» **Exercise instructions**
Restate the following data in its entirety, word for word and without images.
Start of Data section
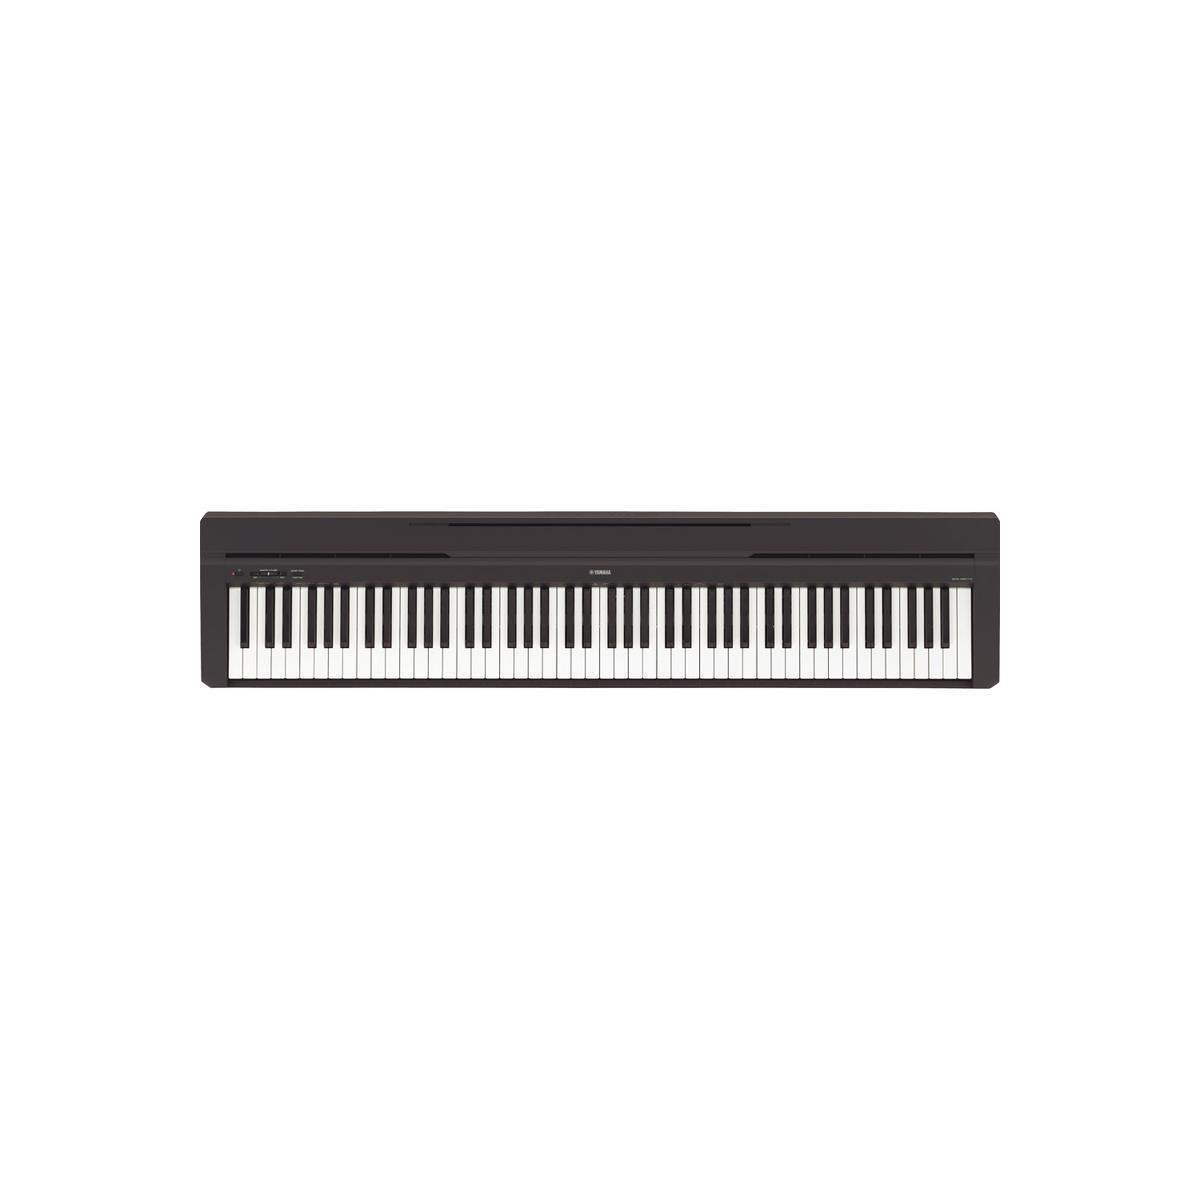 Yamaha P-45 88-Key Digital Piano $330 + free shipping
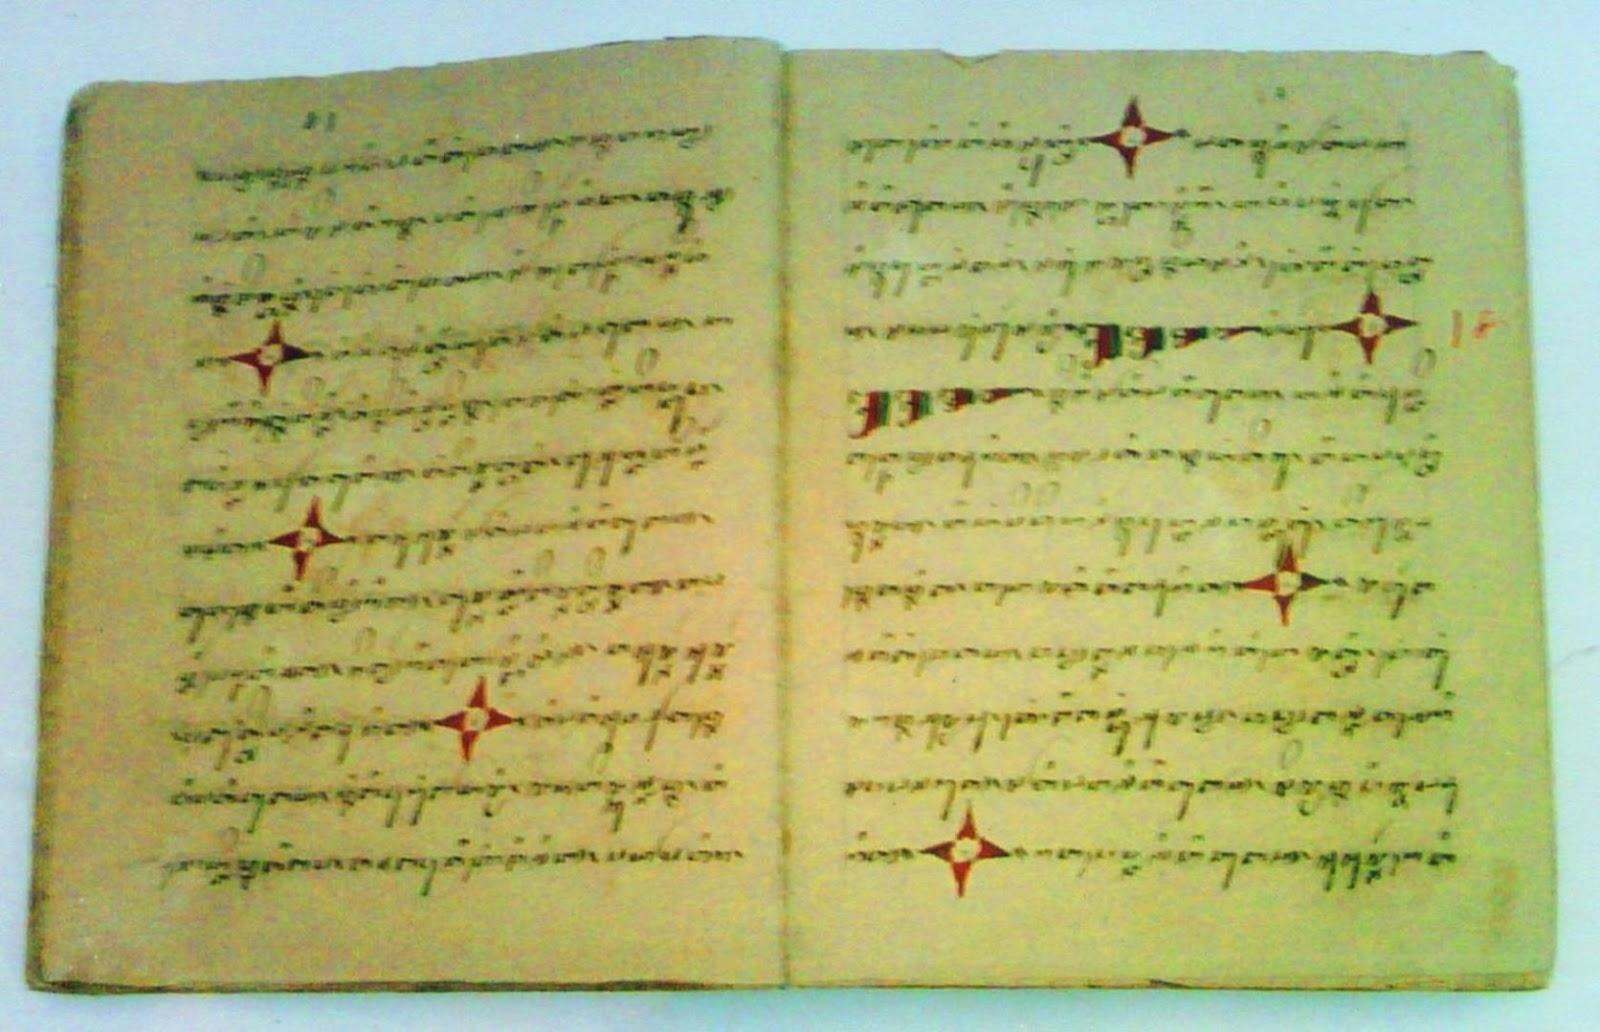 beberapa tulisan jawa kuno asli indonesia   Kaskus - The Largest ...
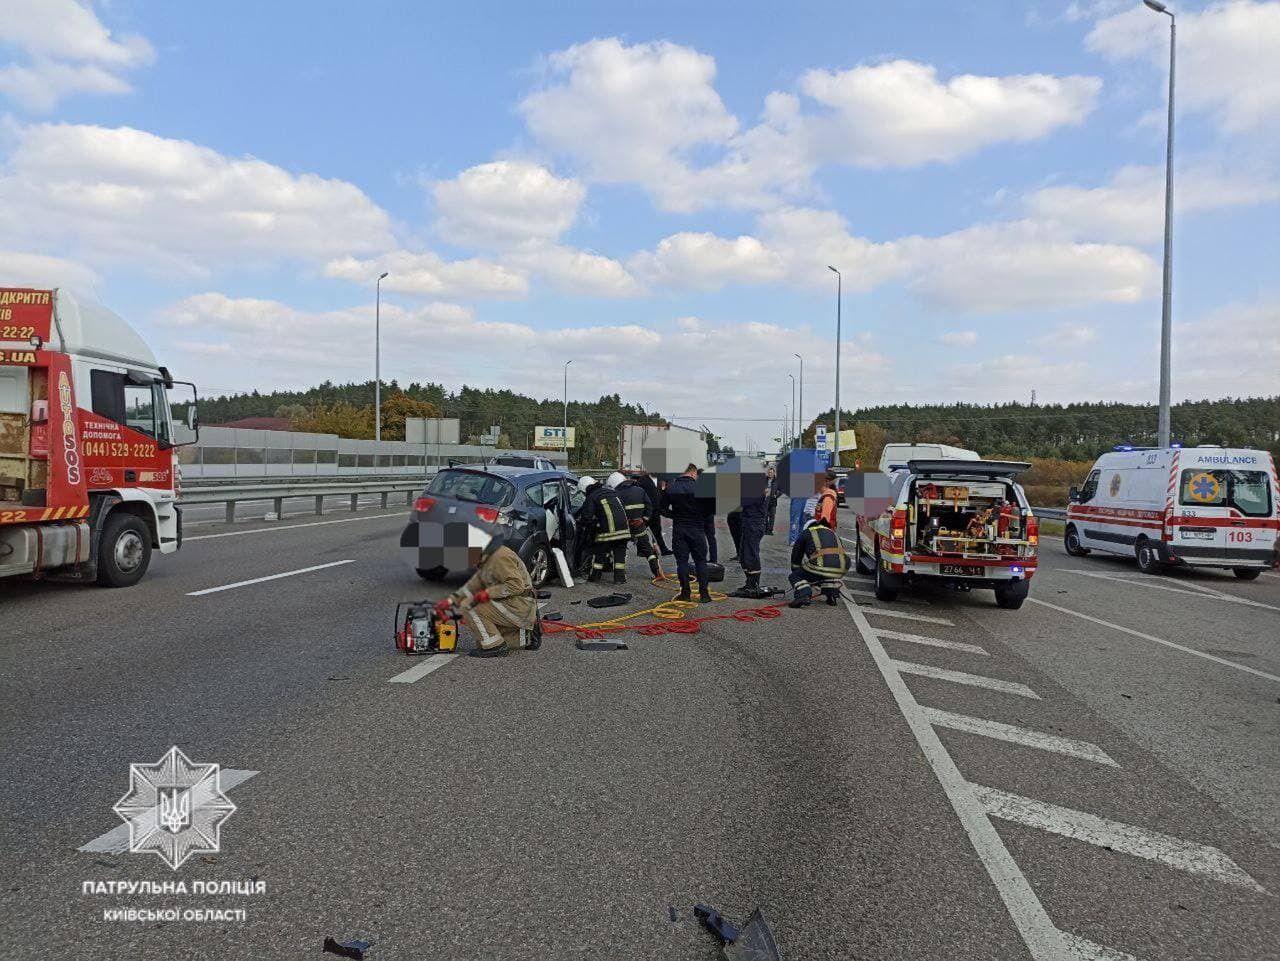 Одному участнику ДТП медики оказали помощь на месте аварии.
End of Data section
» **Response area**
 Yamaha P-45 88-Key Digital Piano $330 + free shipping
 beberapa tulisan jawa kuno asli indonesia   Kaskus - The Largest ...
 Одному участнику ДТП медики оказали помощь на месте аварии.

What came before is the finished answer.